The Chinese study comes as JD Power also last week released its first ‘Mobility Confidence Index Study’ in the United States that found consumers lack confidence in the future of both battery-powered and self-driving vehicles – two key areas that are dominating R&D resources and product planning schedules among the world’s major motor vehicle manufacturers.
Run in partnership with global survey software company SurveyMonkey, the index is based on a 100-point scale and puts confidence levels for EVs at just 55 and autonomous vehicles even lower at only 36.
The results are based on responses from 5270 consumers about EVs and 5749 about autonomous cars.
According to JD Power, the 55-point rating for EVs indicates that consumers have a “neutral” level of confidence about the future of electric cars, with attributes scoring the lowest including the likelihood of purchasing an EV (39), reliability of electric compared to petrol-powered vehicles (49), and the ability to stay within budget compared to petrol, diesel or hybrid vehicles (55).
With this in mind, most respondents (61%) believed there were positive environmental effects of EVs, and almost half (48%) said the cost of charging compared with the cost of petrol would be advantageous.

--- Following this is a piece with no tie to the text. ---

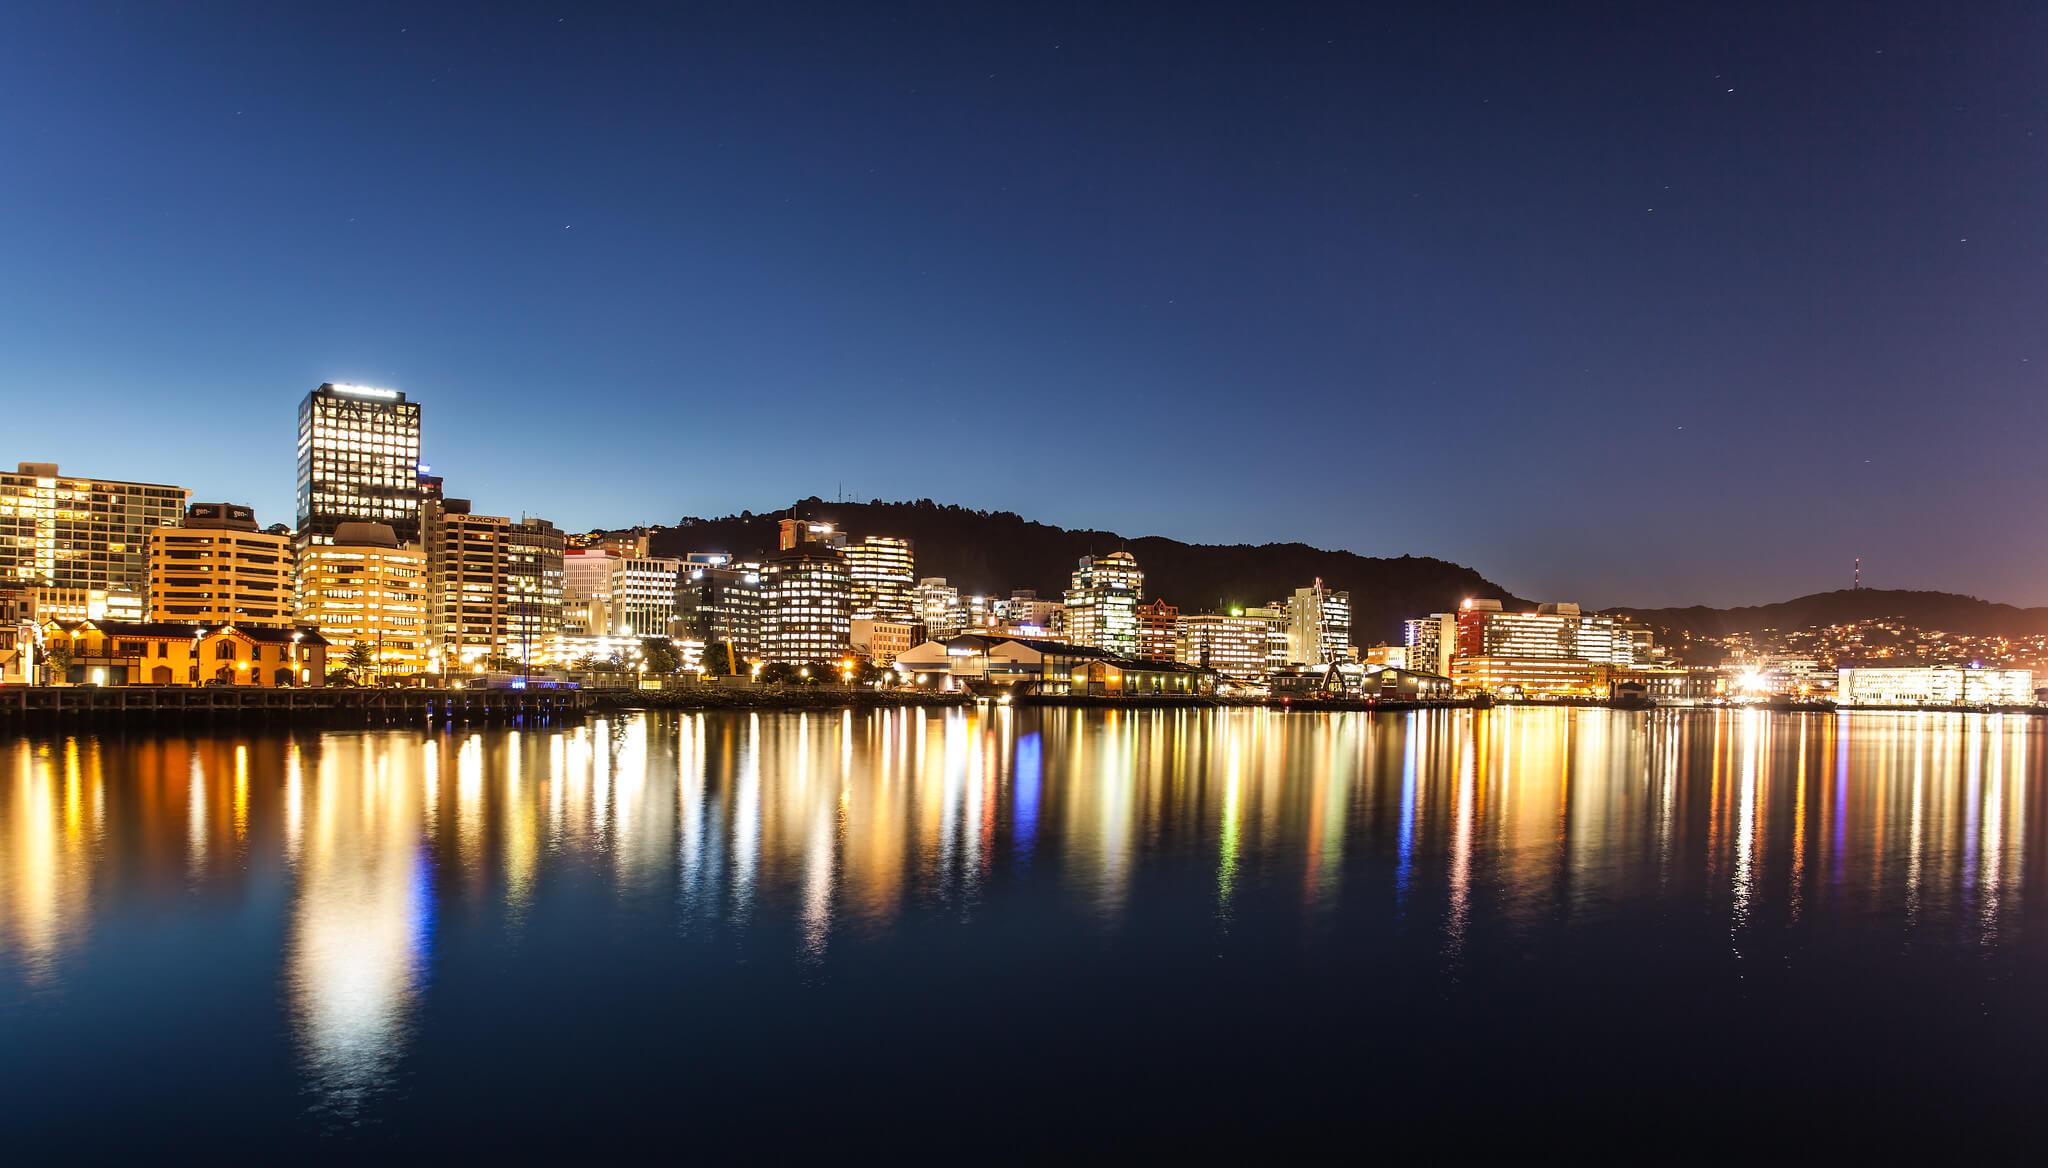 Wellington nightlife brings the city alive

But concerns about the availability of charging stations and an EV’s driving range were expressed by 64 and 59 per cent of those surveyed respectively, with 77 per cent expecting EVs to have a driving range of 300 miles or more (483km) and 74 per cent only willing to wait 30 minutes or less to recharge a vehicle to travel about 200 miles (322km).

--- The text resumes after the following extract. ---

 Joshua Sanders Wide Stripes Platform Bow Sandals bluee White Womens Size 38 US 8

More than three-quarters of respondents (77%) had no experience with an EV whatsoever, and of those, only 40 per cent said they would consider purchasing or leasing one – results that point to an uphill battle for manufacturers attempting to reach critical mass in the US market.
The low confidence index score for self-driving cars stemmed from negative responses to attributes such as feeling comfortable in the vehicle (34) and being on the road with others (35).
JD Power says consumers were particularly concerned about tech failures/errors (71%), vehicle hacking (57%) and liability as a result of a collision (55%), although respondents proved to be more hopeful than worried (65% vs 34%) about the overall benefit of technology in their lives.
“Out of the box, these scores are not encouraging,” said JD Power’s executive director of driver interaction and human machine interface research, Kristin Kolodge.
“As auto-makers head down the developmental road to self-driving vehicles and greater electrification, it’s important to know if consumers are on the same road—and headed in the same direction.
“That doesn’t seem to be the case right now. Manufacturers need to learn where consumers are in terms of comprehending and accepting new mobility technologies—and what needs to be done.”